#### The task:
Below are entries; output exactly the lines from the one with "Important Question Answer" to the one with "The Baroona Estate", both included, and nothing else.

━━━━━━━━━━━━━━━━

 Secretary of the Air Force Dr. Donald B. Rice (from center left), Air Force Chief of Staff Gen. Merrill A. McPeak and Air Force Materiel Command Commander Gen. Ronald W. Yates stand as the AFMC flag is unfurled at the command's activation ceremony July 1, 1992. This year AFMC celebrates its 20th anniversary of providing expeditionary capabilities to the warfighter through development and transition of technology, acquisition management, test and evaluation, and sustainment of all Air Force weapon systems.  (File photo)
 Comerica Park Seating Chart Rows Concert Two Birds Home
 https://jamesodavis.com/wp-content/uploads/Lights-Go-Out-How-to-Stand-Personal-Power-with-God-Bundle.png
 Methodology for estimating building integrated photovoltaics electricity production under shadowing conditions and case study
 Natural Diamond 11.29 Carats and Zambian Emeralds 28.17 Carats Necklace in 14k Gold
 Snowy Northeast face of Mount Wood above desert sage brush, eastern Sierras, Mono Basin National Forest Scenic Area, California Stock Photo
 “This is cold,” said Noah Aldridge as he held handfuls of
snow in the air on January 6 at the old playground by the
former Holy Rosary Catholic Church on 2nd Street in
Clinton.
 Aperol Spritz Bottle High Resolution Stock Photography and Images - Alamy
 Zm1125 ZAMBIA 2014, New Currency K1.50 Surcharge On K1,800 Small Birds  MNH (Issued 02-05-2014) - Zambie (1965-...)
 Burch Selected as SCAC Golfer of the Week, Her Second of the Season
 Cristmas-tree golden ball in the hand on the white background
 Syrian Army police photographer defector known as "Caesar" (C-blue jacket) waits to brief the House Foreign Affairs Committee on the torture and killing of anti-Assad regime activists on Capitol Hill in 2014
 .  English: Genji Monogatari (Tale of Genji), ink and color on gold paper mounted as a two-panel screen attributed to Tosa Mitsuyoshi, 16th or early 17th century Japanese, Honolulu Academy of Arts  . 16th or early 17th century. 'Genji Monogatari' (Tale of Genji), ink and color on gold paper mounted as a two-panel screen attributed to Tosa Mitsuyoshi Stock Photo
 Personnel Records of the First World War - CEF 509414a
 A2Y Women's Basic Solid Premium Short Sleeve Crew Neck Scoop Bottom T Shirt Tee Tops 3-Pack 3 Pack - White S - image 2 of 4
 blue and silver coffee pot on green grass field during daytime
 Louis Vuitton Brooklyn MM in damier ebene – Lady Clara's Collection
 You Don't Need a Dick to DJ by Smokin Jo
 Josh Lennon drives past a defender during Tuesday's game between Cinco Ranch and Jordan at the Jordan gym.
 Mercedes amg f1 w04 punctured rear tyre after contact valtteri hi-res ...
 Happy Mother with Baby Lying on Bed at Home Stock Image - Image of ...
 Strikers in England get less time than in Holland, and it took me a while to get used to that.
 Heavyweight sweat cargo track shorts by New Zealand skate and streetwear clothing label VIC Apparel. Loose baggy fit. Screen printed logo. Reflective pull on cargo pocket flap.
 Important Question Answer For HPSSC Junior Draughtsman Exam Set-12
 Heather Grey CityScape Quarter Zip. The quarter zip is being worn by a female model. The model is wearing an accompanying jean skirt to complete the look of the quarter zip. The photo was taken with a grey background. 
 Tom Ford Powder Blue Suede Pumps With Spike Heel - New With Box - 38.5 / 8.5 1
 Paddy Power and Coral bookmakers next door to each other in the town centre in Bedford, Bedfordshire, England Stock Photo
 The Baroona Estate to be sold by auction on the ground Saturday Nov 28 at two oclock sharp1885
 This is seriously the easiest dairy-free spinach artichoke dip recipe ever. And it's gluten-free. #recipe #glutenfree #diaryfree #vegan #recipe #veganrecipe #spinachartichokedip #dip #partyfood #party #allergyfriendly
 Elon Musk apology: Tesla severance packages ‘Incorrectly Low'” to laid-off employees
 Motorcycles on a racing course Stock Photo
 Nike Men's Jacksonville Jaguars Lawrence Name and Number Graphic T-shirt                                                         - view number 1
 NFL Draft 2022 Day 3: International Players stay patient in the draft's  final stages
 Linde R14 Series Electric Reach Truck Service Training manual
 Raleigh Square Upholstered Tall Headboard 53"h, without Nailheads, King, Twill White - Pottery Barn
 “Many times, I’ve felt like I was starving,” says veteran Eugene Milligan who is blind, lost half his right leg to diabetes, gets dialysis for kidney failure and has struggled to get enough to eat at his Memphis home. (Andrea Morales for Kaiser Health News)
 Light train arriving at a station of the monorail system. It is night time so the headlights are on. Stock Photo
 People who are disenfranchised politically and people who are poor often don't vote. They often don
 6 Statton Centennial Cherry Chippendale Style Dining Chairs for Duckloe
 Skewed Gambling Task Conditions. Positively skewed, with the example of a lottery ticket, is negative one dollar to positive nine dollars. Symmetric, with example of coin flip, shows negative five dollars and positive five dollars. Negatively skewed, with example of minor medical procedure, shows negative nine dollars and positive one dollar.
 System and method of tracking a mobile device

━━━━━━━━━━━━━━━━

#### Completed exercise:
 Important Question Answer For HPSSC Junior Draughtsman Exam Set-12
 Heather Grey CityScape Quarter Zip. The quarter zip is being worn by a female model. The model is wearing an accompanying jean skirt to complete the look of the quarter zip. The photo was taken with a grey background. 
 Tom Ford Powder Blue Suede Pumps With Spike Heel - New With Box - 38.5 / 8.5 1
 Paddy Power and Coral bookmakers next door to each other in the town centre in Bedford, Bedfordshire, England Stock Photo
 The Baroona Estate to be sold by auction on the ground Saturday Nov 28 at two oclock sharp1885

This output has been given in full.